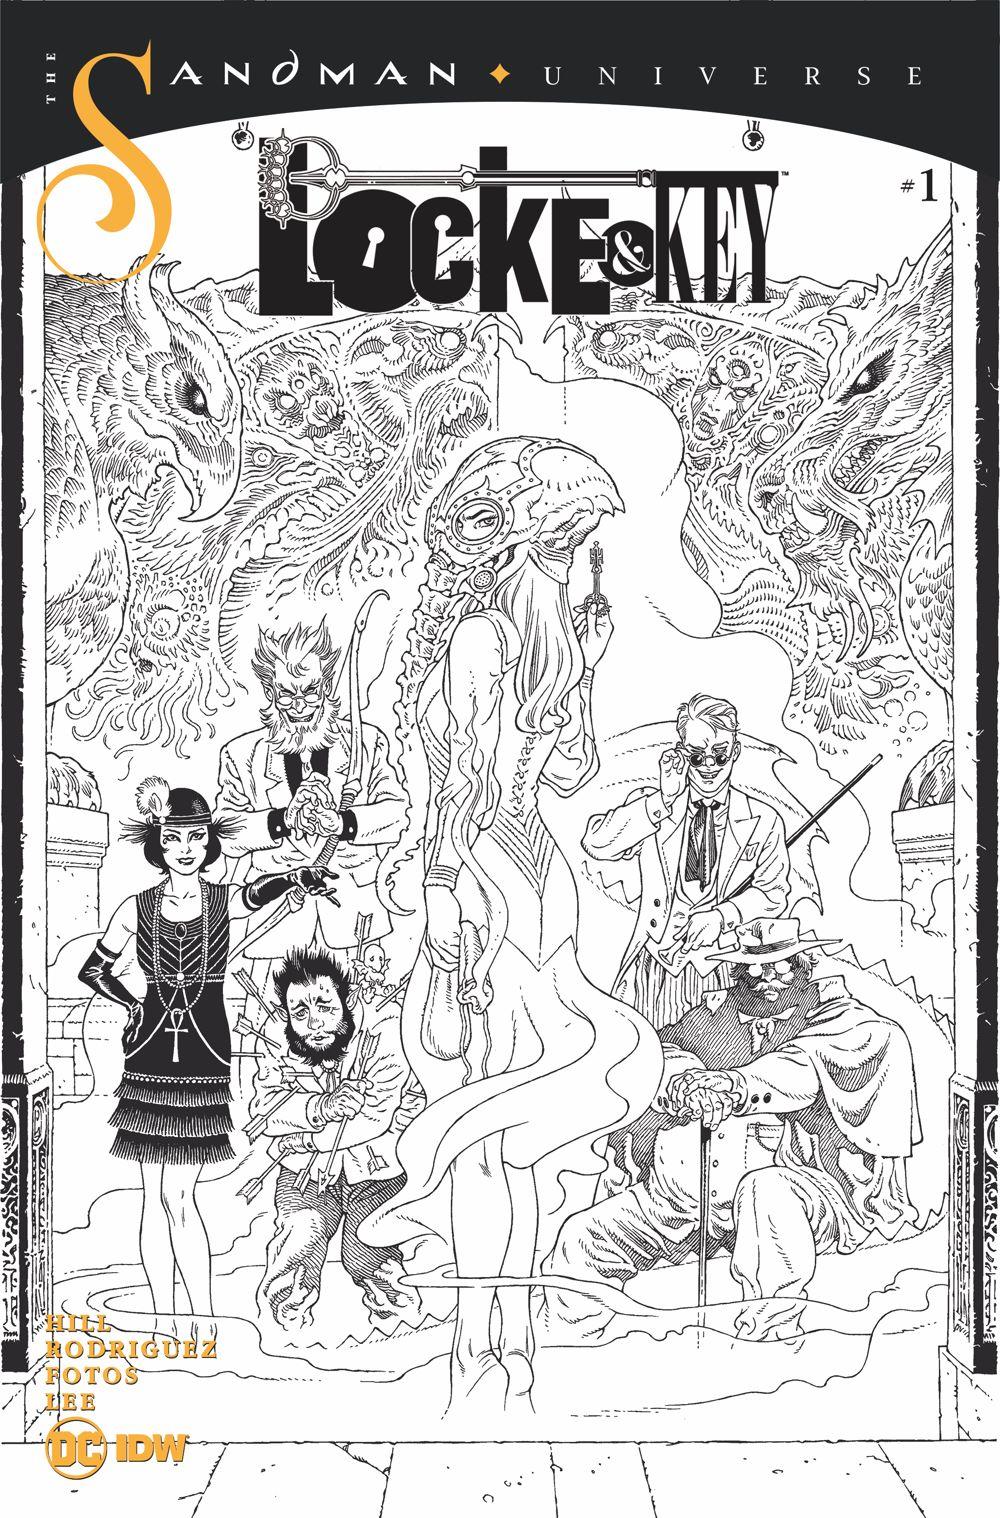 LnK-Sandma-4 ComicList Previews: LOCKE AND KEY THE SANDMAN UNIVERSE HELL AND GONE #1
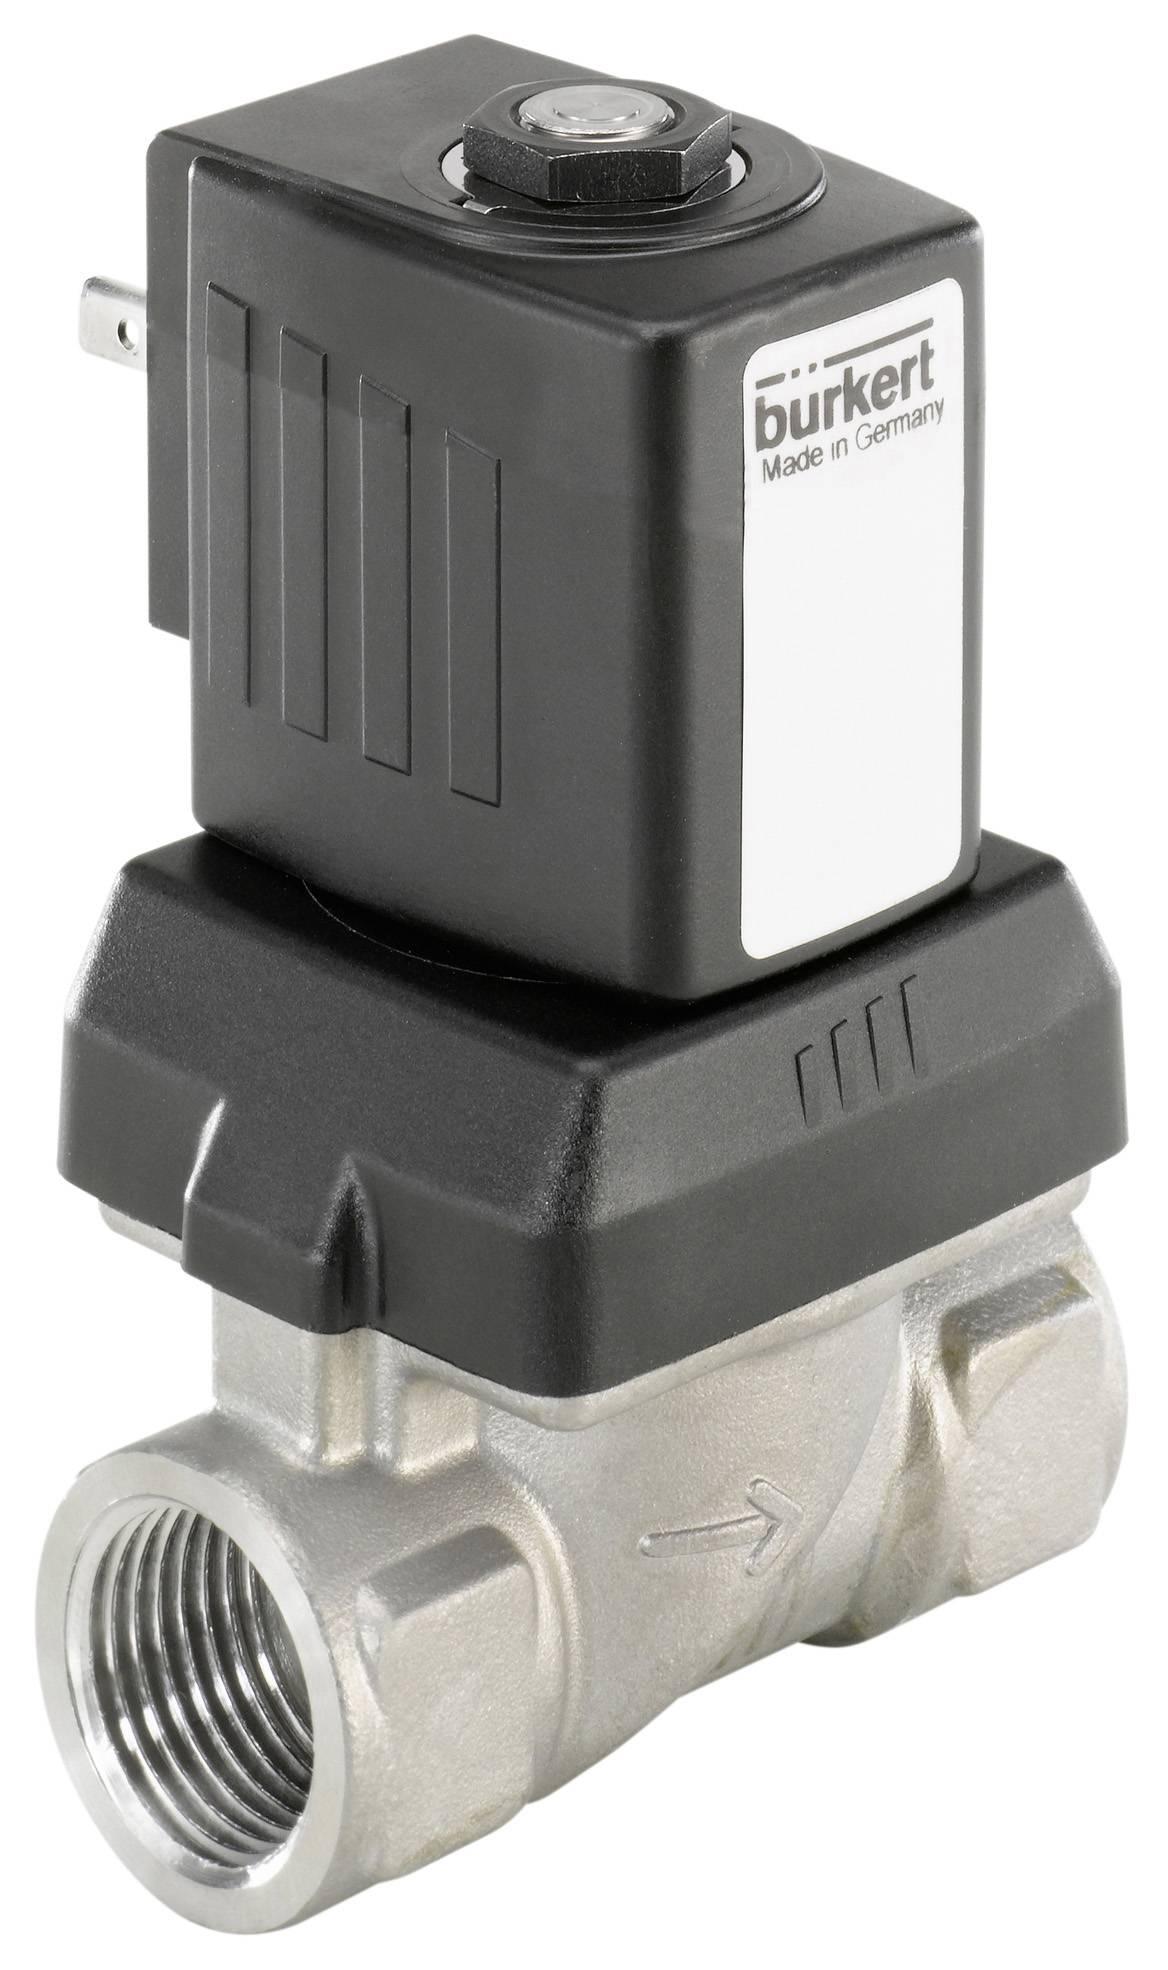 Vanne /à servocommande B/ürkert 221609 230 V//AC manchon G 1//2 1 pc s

---

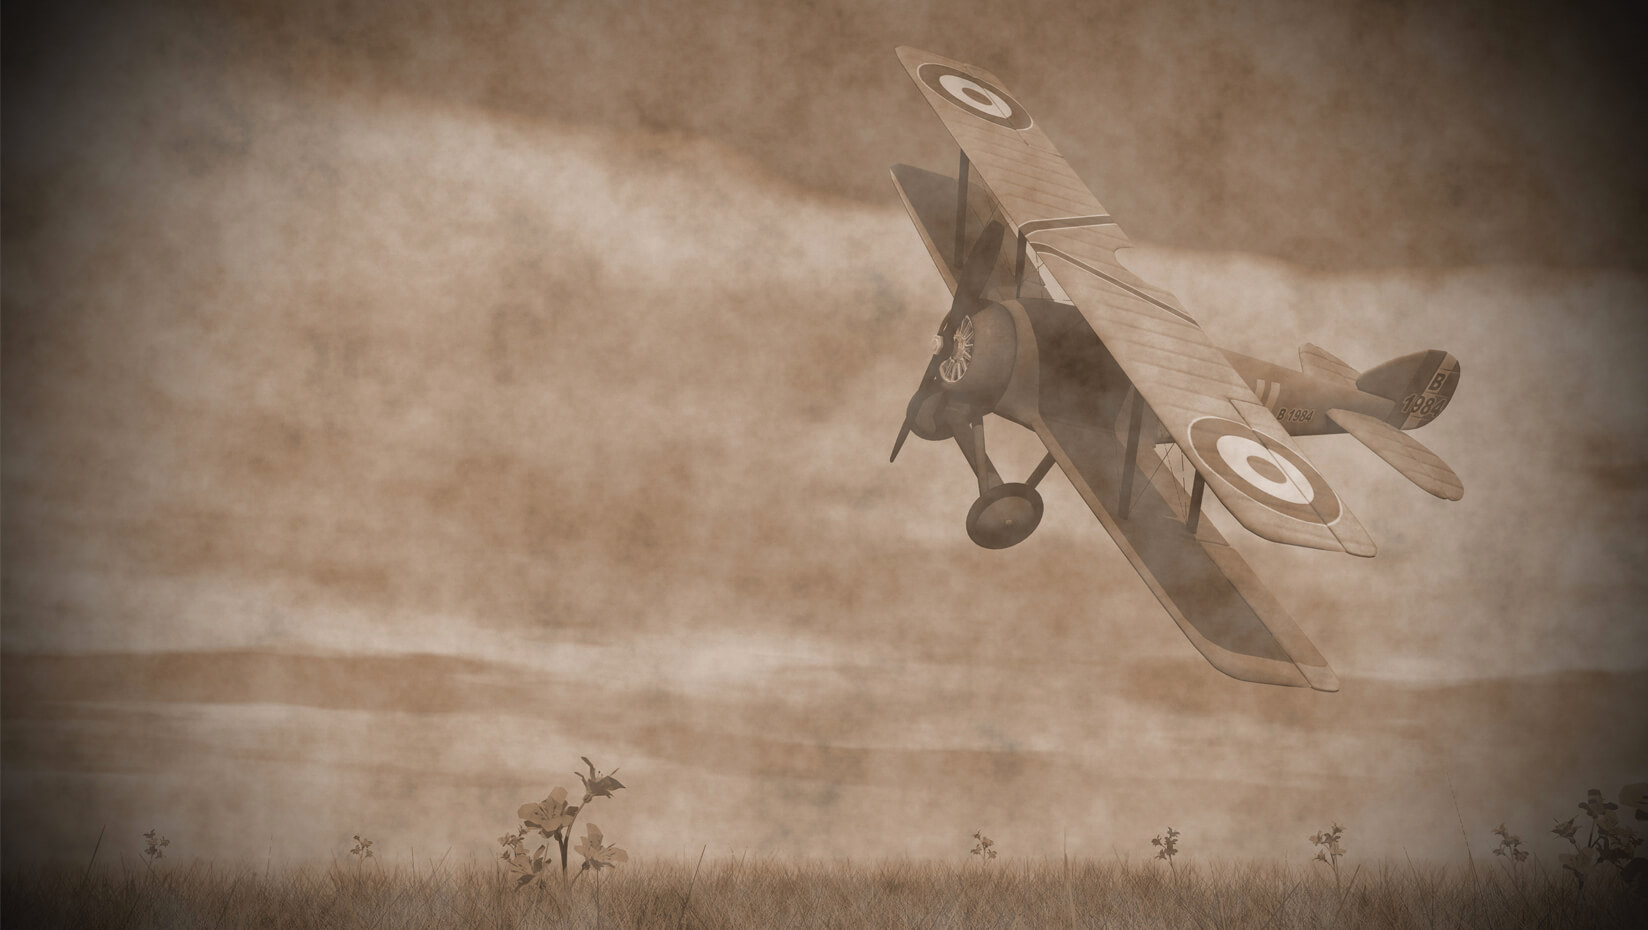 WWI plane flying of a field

...

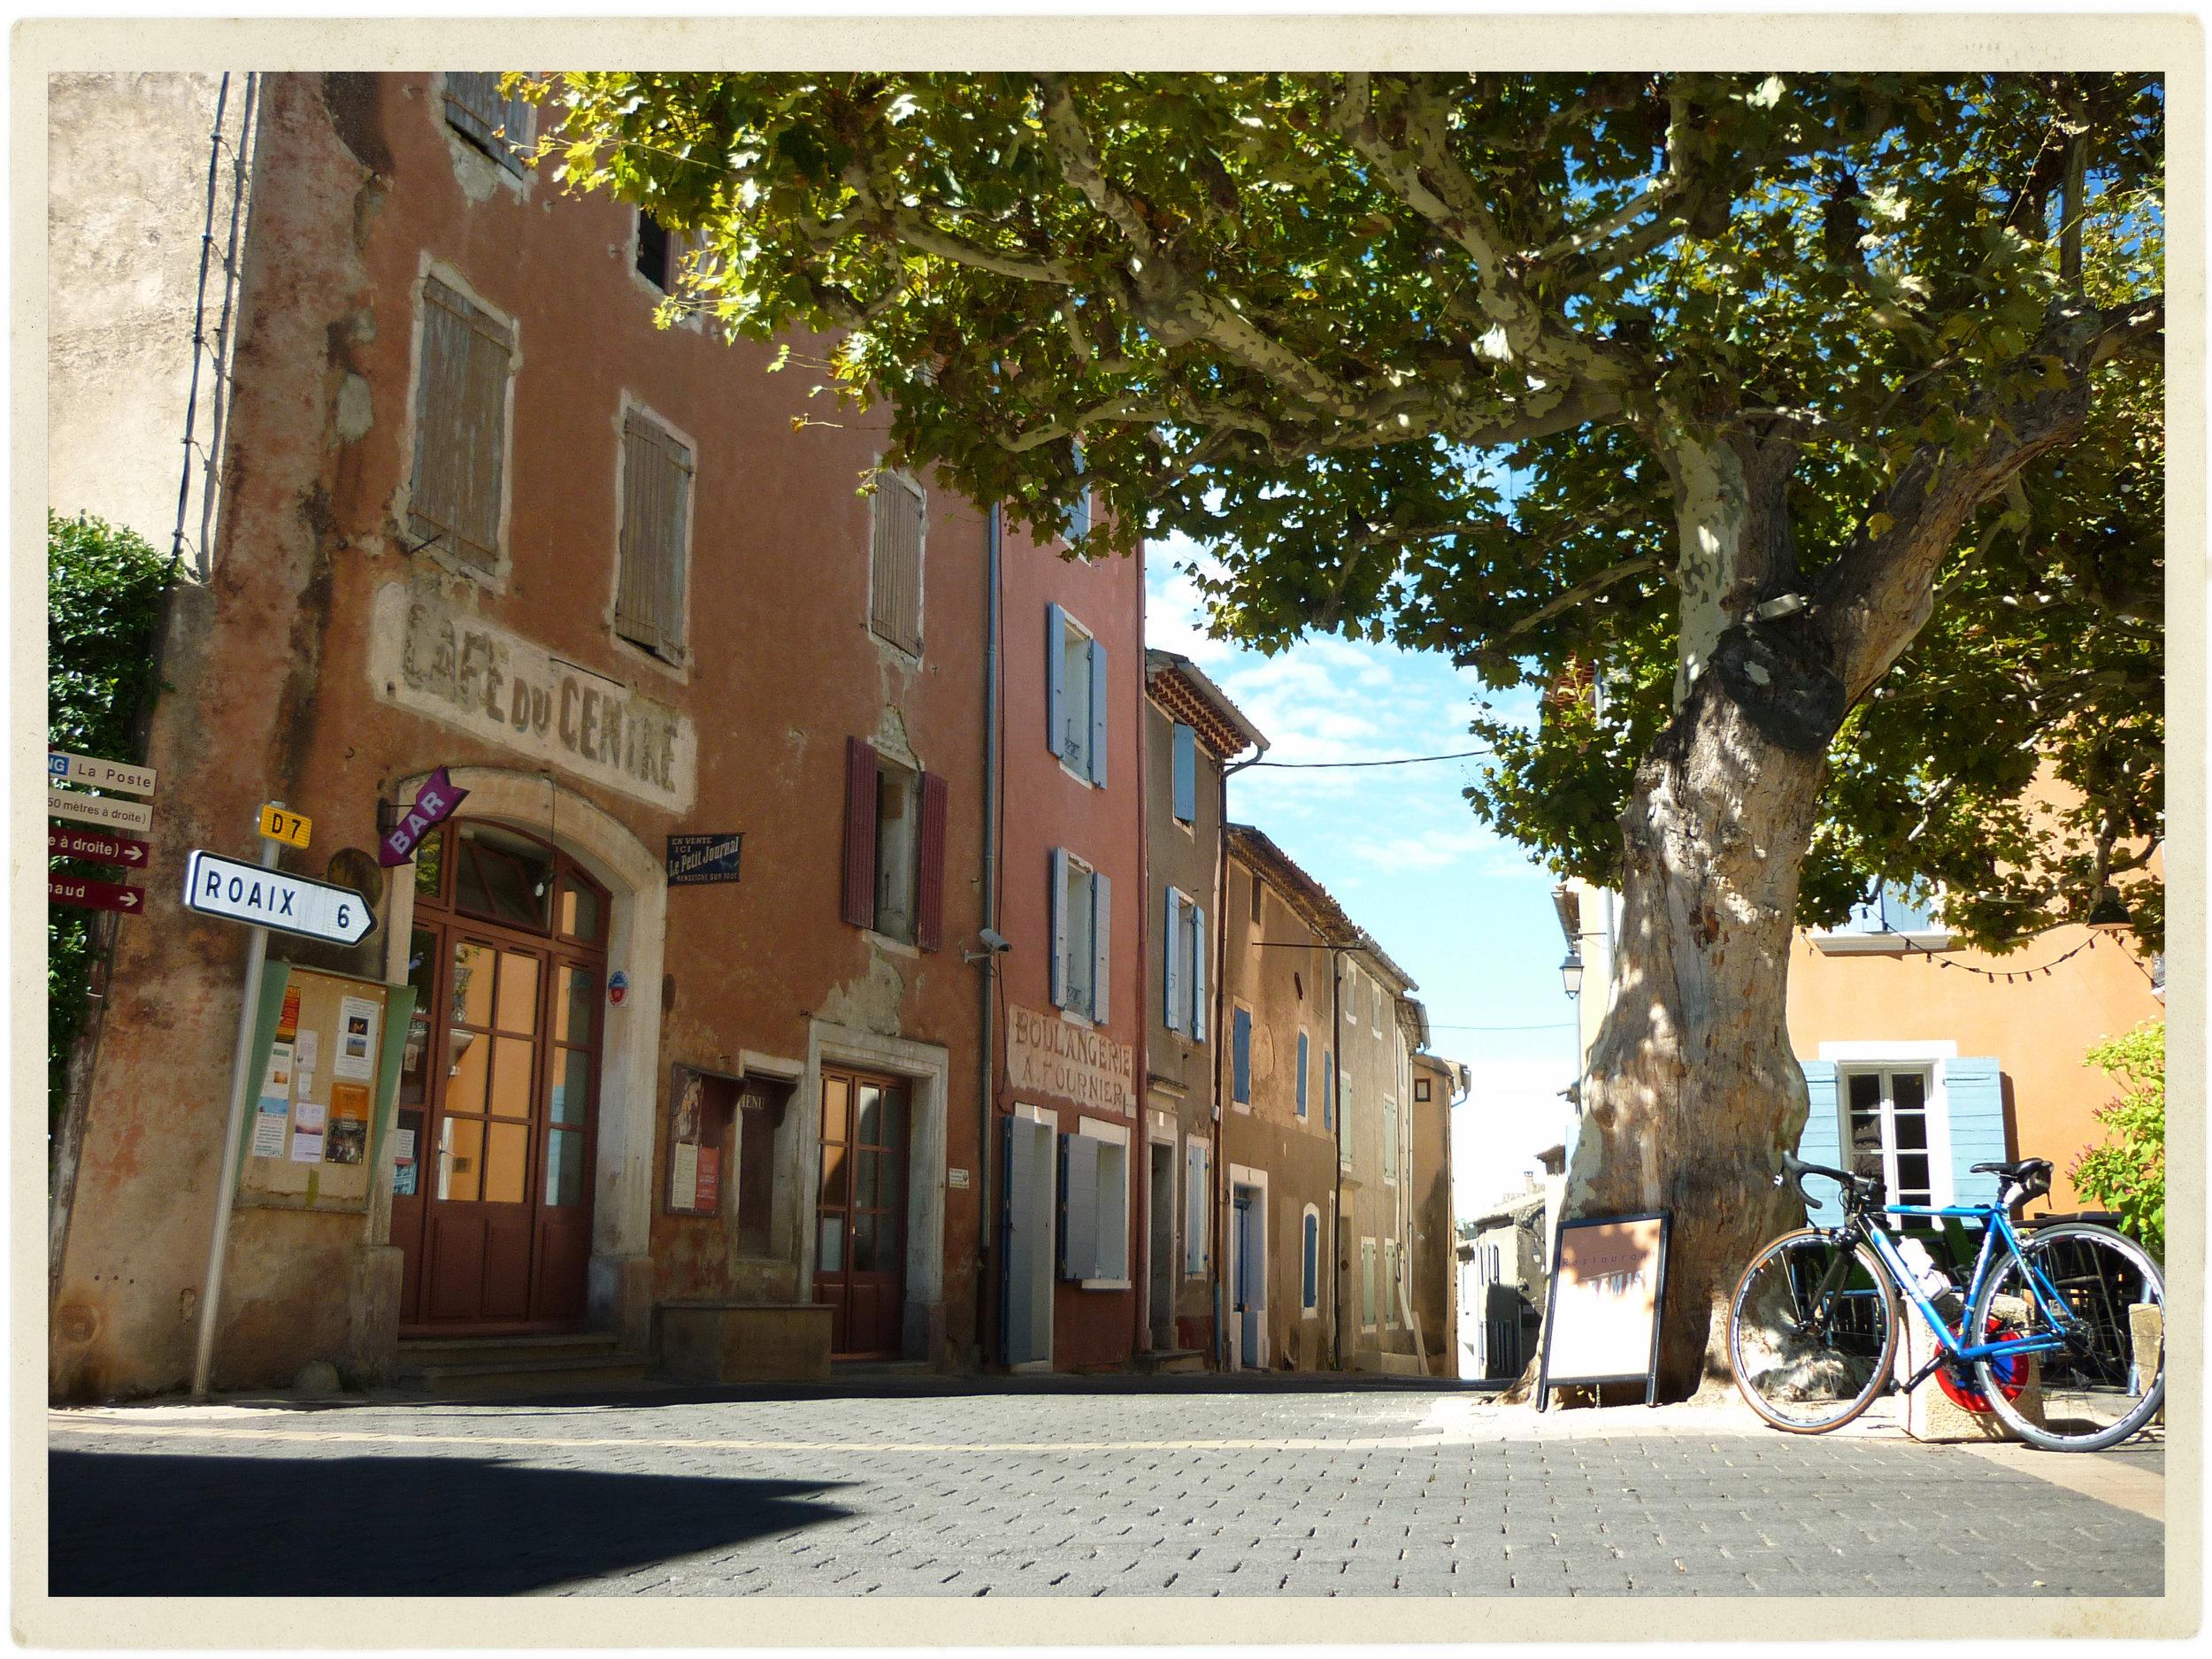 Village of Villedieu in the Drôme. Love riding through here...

-- Task objective --
Which part of the entries opens with the line containing "LnK-Sandma-4 ComicList Previews: LOCKE" and closes with the line containing "Vanne /à servocommande"? Output that part exactly, ends included, pictures excluded.

-- Task result --
 LnK-Sandma-4 ComicList Previews: LOCKE AND KEY THE SANDMAN UNIVERSE HELL AND GONE #1
 Vanne /à servocommande B/ürkert 221609 230 V//AC manchon G 1//2 1 pc s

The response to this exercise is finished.